While IL-21 is the cytokine associated primarily with Tfh cells, there have been increasing reports of Tfh cells producing other cytokines, including IL-4,8,20,25,36,81,82 IL-10,1,8 IL-1725,40,83,84 and IFN-γ.16,20,25,40,81 This is consistent with the ability of these cytokines to modulate B cell behaviour such as isotype switching and antibody production.85–89 This raises questions, however, about the status of Tfh cells as a distinct lineage. Indeed, murine studies have demonstrated that Th2 cells can develop into Tfh cells in vivo following infection with the Th2-polarizing pathogens helminths36,82 and Leishmania.81 Similarly, murine regulatory T cells (Tregs) transferred into T cell-deficient hosts lost forkhead box P3 (Foxp3) expression acquired Tfh cell characteristics.90 Furthermore, in the scenario of Th2 cells for example, they maintained IL-4 secretion and gata3 expression while gaining attributes of Tfh cells (CXCR5, Bcl-6, IL-21 expression). This suggests Tfh cells may not represent a discrete lineage, but a state of differentiation that can be superimposed onto other Th subsets when B cell helper activity is required. This is supported by human studies, wherein the CD4+ CXCR5+ fraction could be subdivided into CXCR3+ Th1-like, CCR6+ Th17-like and CXCR3− CCR6− Th2-like Tfh cells.25 Th2- and Th17-like Tfh cells secreted IL-21 and could subsequently induce antibody production by naive B cells, while Th1-like Tfh cells did not express IL-21, nor could they support antibody production by B cells.
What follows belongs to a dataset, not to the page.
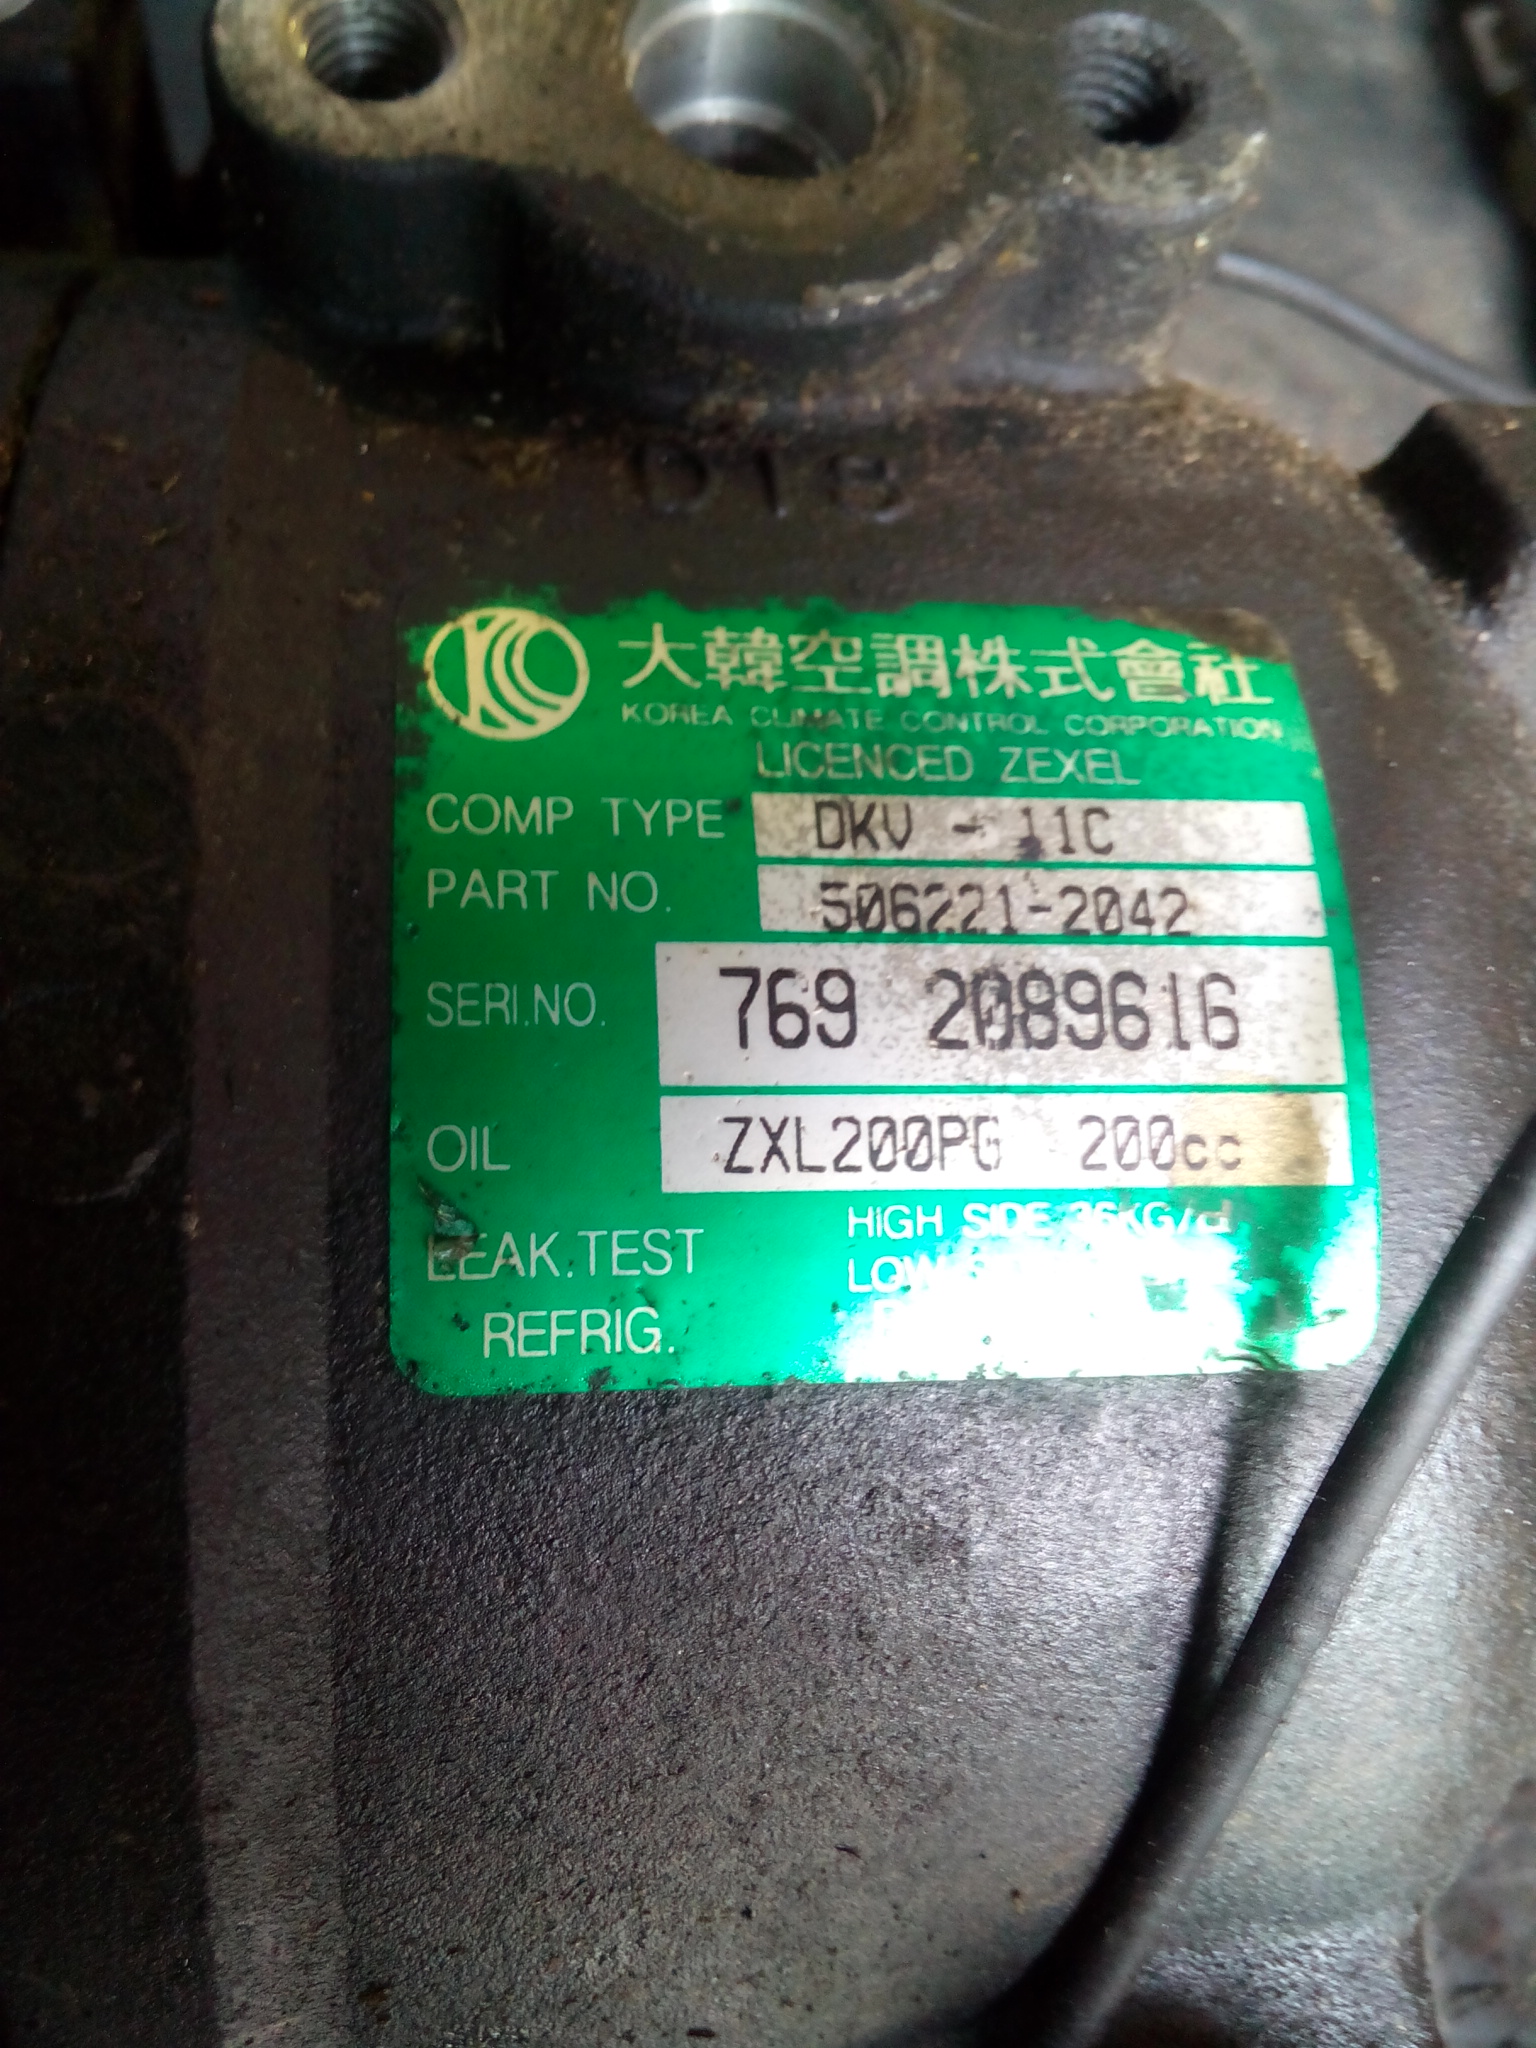 Компрессор кондиционера : 506021-2042 на Kia Sephia

Consistently, Th17- and Th2-like, but not Th1-like, Tfh cells were found to be elevated in juvenile dermatomyositis, a chronic multi-systemic autoimmune condition.25
The field of Tfh cells has evolved at an extremely rapid pace, which has helped to improve our understanding of this cell type. However, as it stands currently, it appears that multiple varieties of Tfh cells exist. Thus, one of the interesting areas of future endeavour will be to determine whether Tfh cells are a discrete lineage or a state of activation of Th cell lineages when B cell helper function is required. Dysregulation of these cells underpins numerous human disorders, therefore, addressing this question will facilitate our ability to intervene in these diseases by altering the development and/or function of Tfh cells.
This work was funded by grants and fellowships awarded by the Australian NHMRC to CSM and EKD.
The authors have no conflicts of interest to disclose.